И, узнав, что по случайной оказии он здесь, что нет у него намерения в одной из деревень свить свое гнездо, с тем же открытым прямодушием начала рассказывать о Коркине, о тамошнем председателе Винокурове:
— Серьезный мужик, стоящий. Вернулся на масленицу. На станции его Пелагея первой увидела и обомлела: как сказать, что пришел к разбитому корыту, что кругло осиротел? А Лукич ни о чем не ведает. Увечный, без правой руки, налетел с расспросами: что да как? Как ни крутилась, а пришлось жуткую новость выкладывать. — Веревочными вожжами Катерина подстегнула задремавшего мерина. — Это уж к Илье, почитай, было, в сорок втором. Фашисты долго верстах в десяти от Коркина болтались. Как остановили их в сорок первом, так уж дальше ни шагу. Да и наши их выбить не смогли. Крепко окопались, намертво вросли в землю. И жили так: вроде тыл, а вроде и фронт. Каждую ночь в избах новые бойцы, и все туда, все подо Ржев. Больше года крутилась эта мясорубка. Пообвыклись мы, приладились к такой прифронтовой жизни, к снарядам притерпелись. На деревню их мало падало. В тот день, как обычно, прогудели самолеты ихние, на Торжок пошли. Фашисты крутились поодиночке, от наших истребителей увертывались и бомбы куда попало сбрасывали. — Уголком платка вытерла глаза. — Если б знать… Одна и накрыла избу. Как раз Маргарита обед собирала. И всех разом. Ни бревнышка, ни вещицы какой. Начисто дом разметало. Воронка — пятистенок встанет. Поплакали, погоревали, а к осени ямина-могила крапивой да лопухами заросла… Думали, не выдержит Лукич, рехнется. И так и сяк к нему — застыл, что истукан. Ночами простаивал у этой воронки. Самогоном заливал горе. Уж мы на деда Семена напускались: не давай зелья, до белой горячки дойдет. Черт старый отбрехивался — не бабьего, мол, ума дело. Он, видишь ли, душу Лукичу размягчает. Все миром пошли к Винокурову, на колени упали. Мертвых не вернешь, а живым жить надо. В председатели просили его от всех разуверившихся баб. Прежний-то — да вы видели на станции кобеля паскудного — размотал весь колхоз, неделями по доступным вдовам шлялся. Слезно просили Лукича. И согласился мужик. Пить перестал, как ножом отрезал. За дела сразу люто взялся. Тракторишко откуда-то пригнал. И первым делом засыпал страшную воронку. Какую-то рухлядь собрал на пепелище и все по-людски, в настоящую могилу закопал. Оградку поставил, березки посадил, цветы посеял — все чин по чину. И с тех пор о Маргарите и детях ни с кем ни слова. Да и мы не бередим его рану…

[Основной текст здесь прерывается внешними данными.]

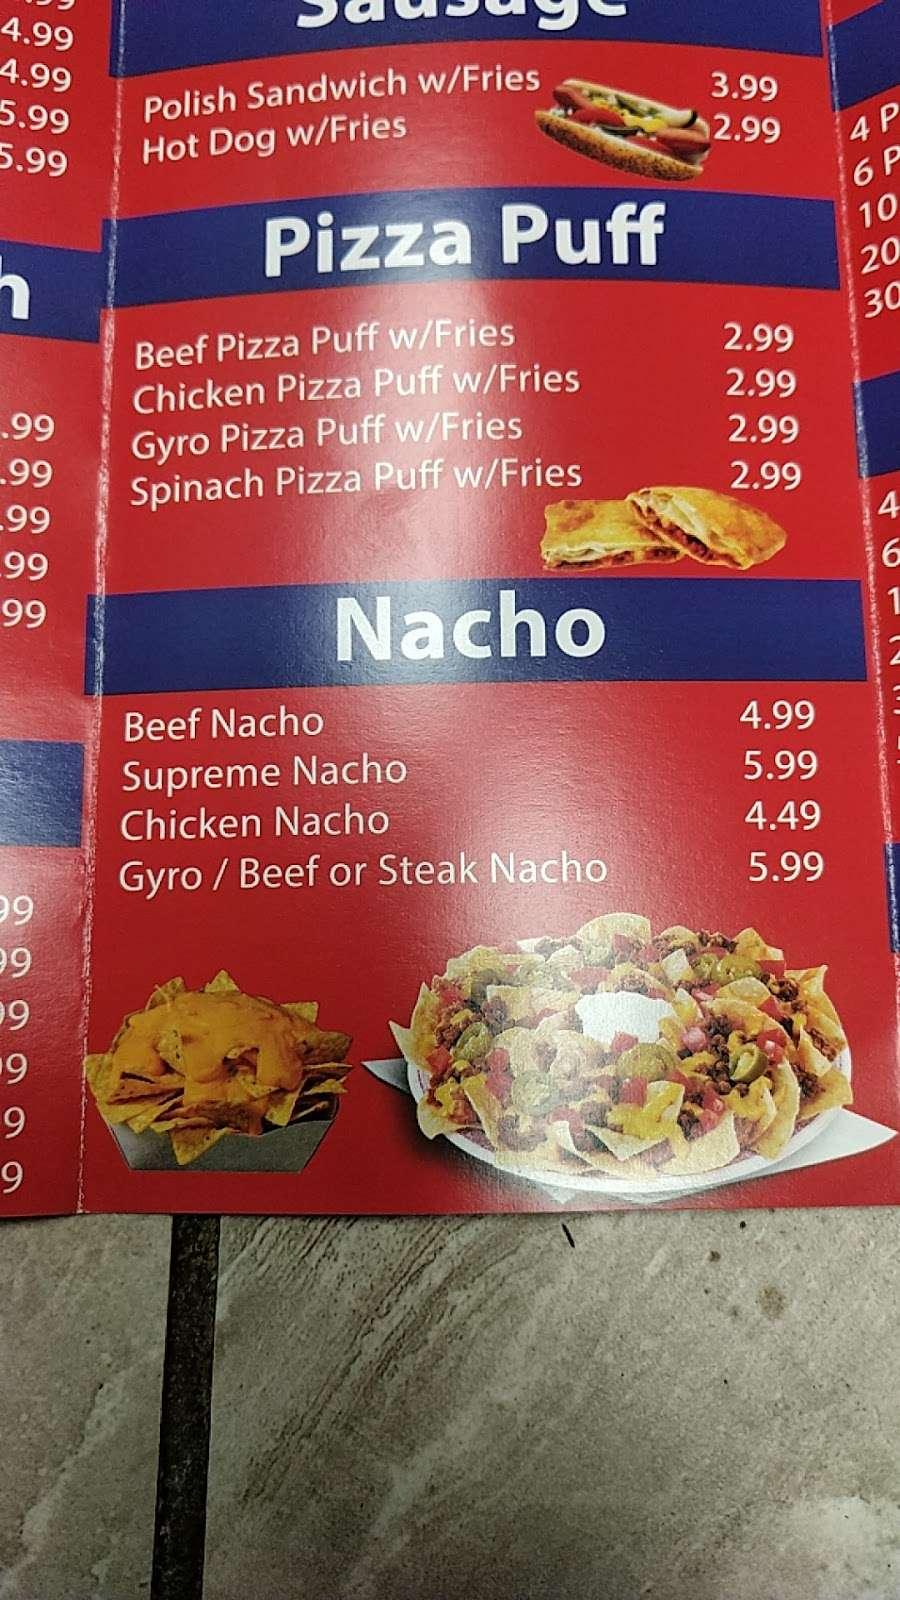 Tasty Chicken & Salad - restaurant  | Photo 8 of 10 | Address: 159 W 95th St, Chicago, IL 60628, USA | Phone: (773) 840-3114
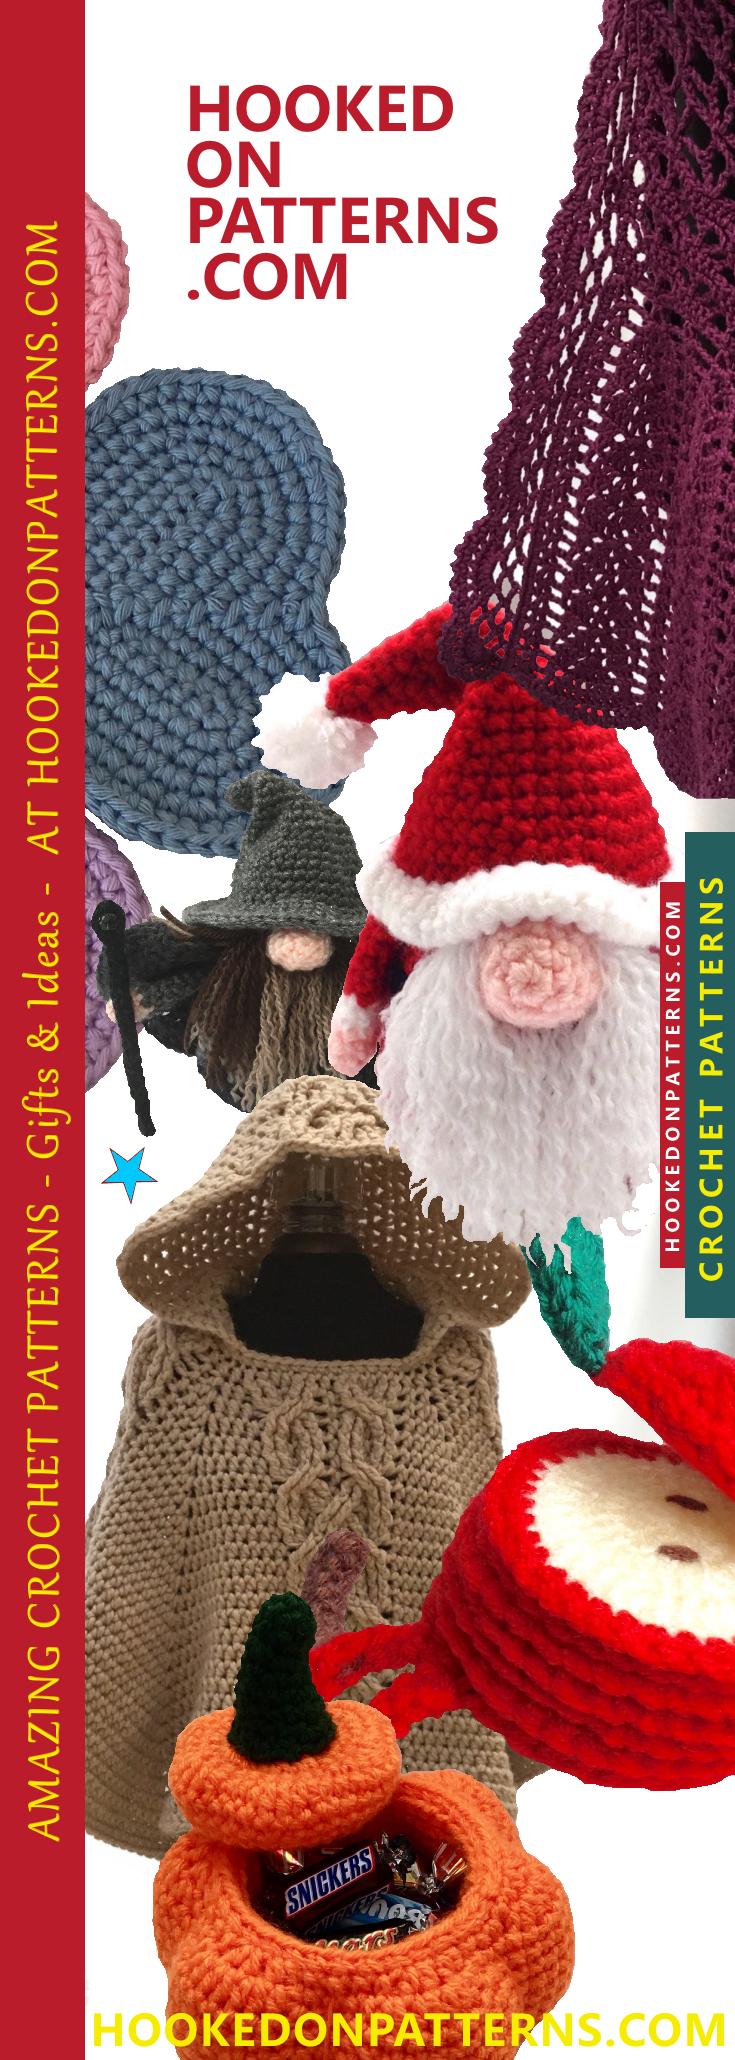 Hooked Patterns - Crochet Patterns, Free Crochet Patterns, Crochet ...

— Где живет-то Лукич, отошел хоть от горя? — не справившийся с предательскими спазмами, прерывисто спросил Степан Иванович.
Катерина тяжело и мечтательно вздохнула:
— Живым о жизни загадывать, а умерших не воротишь. Из нас любая пригрела бы… Да не отзывается сердце у Лукича. Вроде и лечит время, будто и помягчал душой, а тропки не прокладываются. Баловать-то, знамо, он не будет, на другом тесте замешен, а душа будто могильным штакетником огородилась. Квартирует у деда Семена. В рот рюмки не берет да и вдовьи взгляды стороной обходит. — Повеселев, закончила: — А до работы хват. Всю шваль вокруг колхоза расшвырял, хищения пресек. Теперь хоть какие тузы из района наезжают, но, брат, все, не обламываются им больше баранчики да поросята. В порядок мы поверили…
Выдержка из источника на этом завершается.